Bioinformatics Institute, Saint Petersburg, Russia.
Department of Genomic Medicine, D. O. Ott Research Institute of Obstetrics, Gynecology, and Reproduction, Saint Petersburg, Russia.
Sci Rep. 2020 Feb 6;10(1):2057. doi: 10.1038/s41598-020-59026-y.
Advantages and diagnostic effectiveness of the two most widely used resequencing approaches, whole exome (WES) and whole genome (WGS) sequencing, are often debated. WES dominated large-scale resequencing projects because of lower cost and easier data storage and processing. Rapid development of 3 generation sequencing methods and novel exome sequencing kits predicate the need for a robust statistical framework allowing informative and easy performance comparison of the emerging methods. In our study we developed a set of statistical tools to systematically assess coverage of coding regions provided by several modern WES platforms, as well as PCR-free WGS. We identified a substantial problem in most previously published comparisons which did not account for mappability limitations of short reads. Using regression analysis and simple machine learning, as well as several novel metrics of coverage evenness, we analyzed the contribution from the major determinants of CDS coverage. Contrary to a common view, most of the observed bias in modern WES stems from mappability limitations of short reads and exome probe design rather than sequence composition. We also identified the ~ 500 kb region of human exome that could not be effectively characterized using short read technology and should receive special attention during variant analysis. Using our novel metrics of sequencing coverage, we identified main determinants of WES and WGS performance. Overall, our study points out avenues for improvement of enrichment-based methods and development of novel approaches that would maximize variant discovery at optimal cost.

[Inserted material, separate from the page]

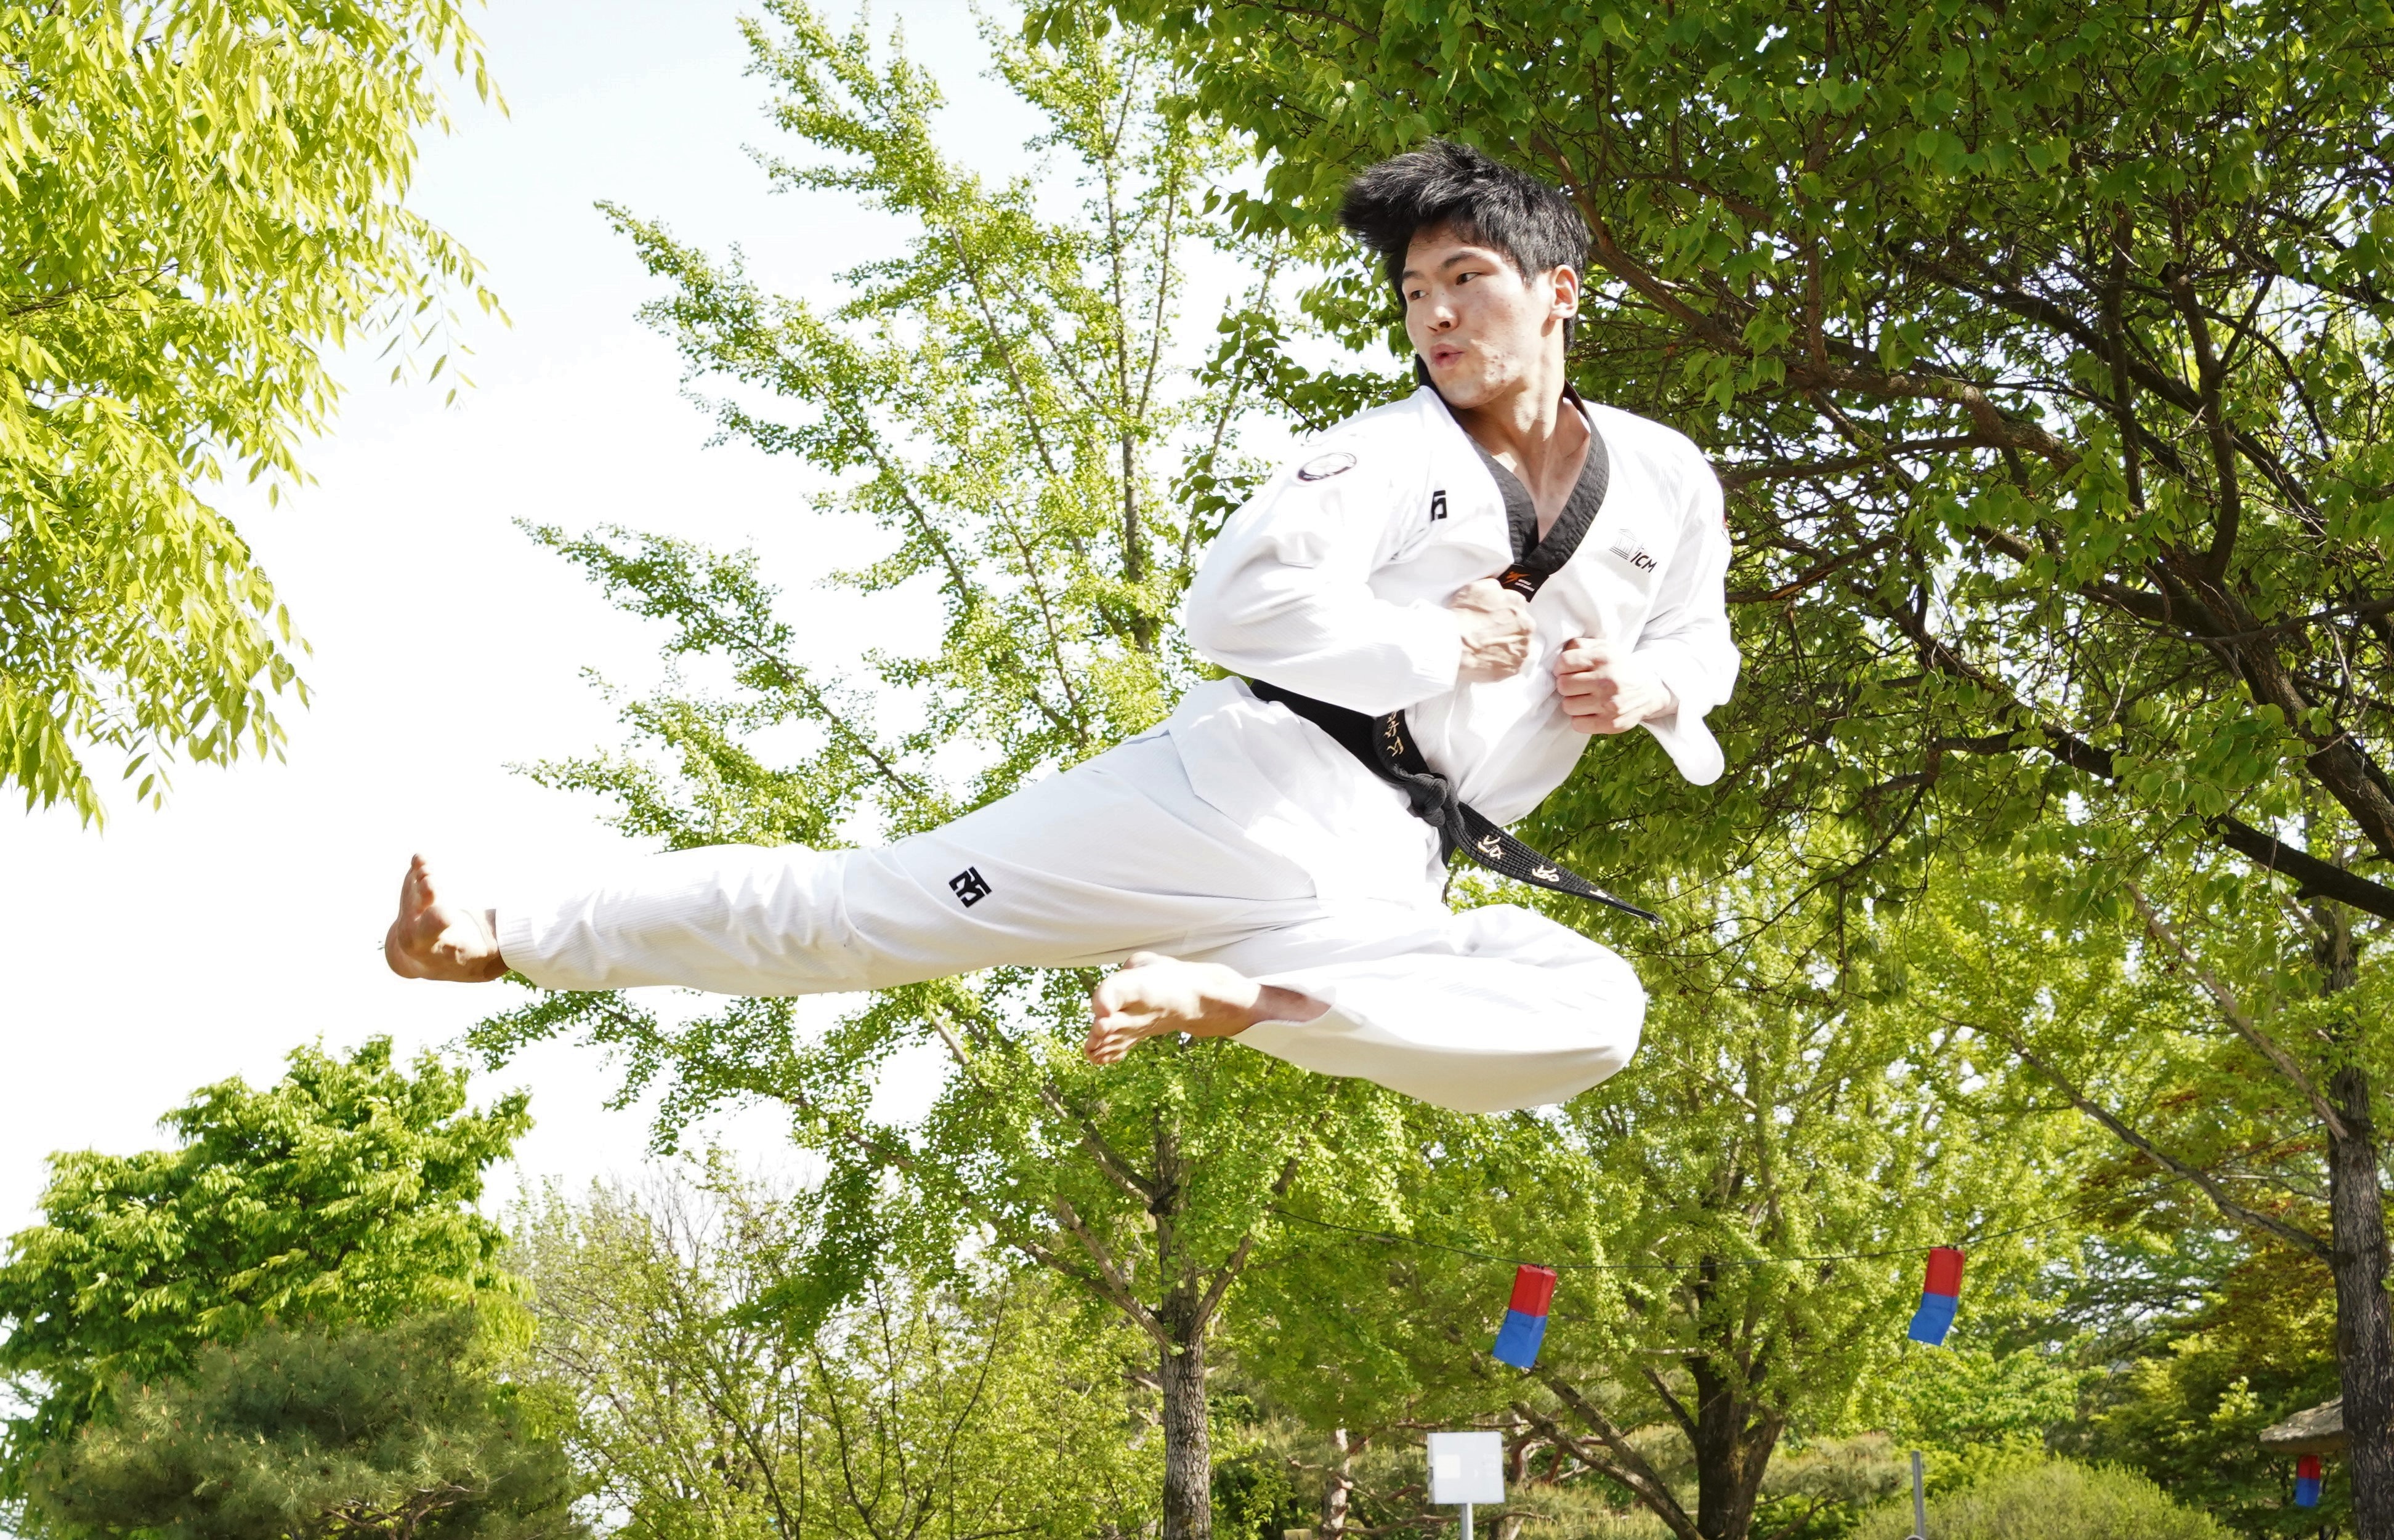 2. Taekwondo

两种最广泛使用的重测序方法——全外显子组测序(WES)和全基因组测序(WGS)的优势和诊断效果经常被争论。由于成本更低、数据存储和处理更容易,WES 主导了大规模重测序项目。第三代测序方法和新型外显子组测序试剂盒的快速发展,需要一个强大的统计框架,以便对新兴方法进行信息丰富且易于比较的性能评估。在我们的研究中,我们开发了一组统计工具,用于系统评估几种现代 WES 平台以及无 PCR WGS 提供的编码区域覆盖度。我们发现,以前大多数发表的比较都没有考虑到短读长的可映射性限制,这存在一个严重的问题。我们使用回归分析和简单的机器学习,以及几种新的覆盖均一度指标,分析了 CDS 覆盖的主要决定因素的贡献。与普遍观点相反,现代 WES 中观察到的大部分偏差主要源于短读长和外显子探针设计的可映射性限制,而不是序列组成。我们还确定了人类外显子中约 500kb 的区域,无法使用短读长技术有效地进行特征描述,在变异分析过程中应特别注意。使用我们新的测序覆盖度指标,我们确定了 WES 和 WGS 性能的主要决定因素。总的来说,我们的研究指出了改进基于富集的方法和开发新方法的途径,这些方法将以最佳成本最大限度地发现变异。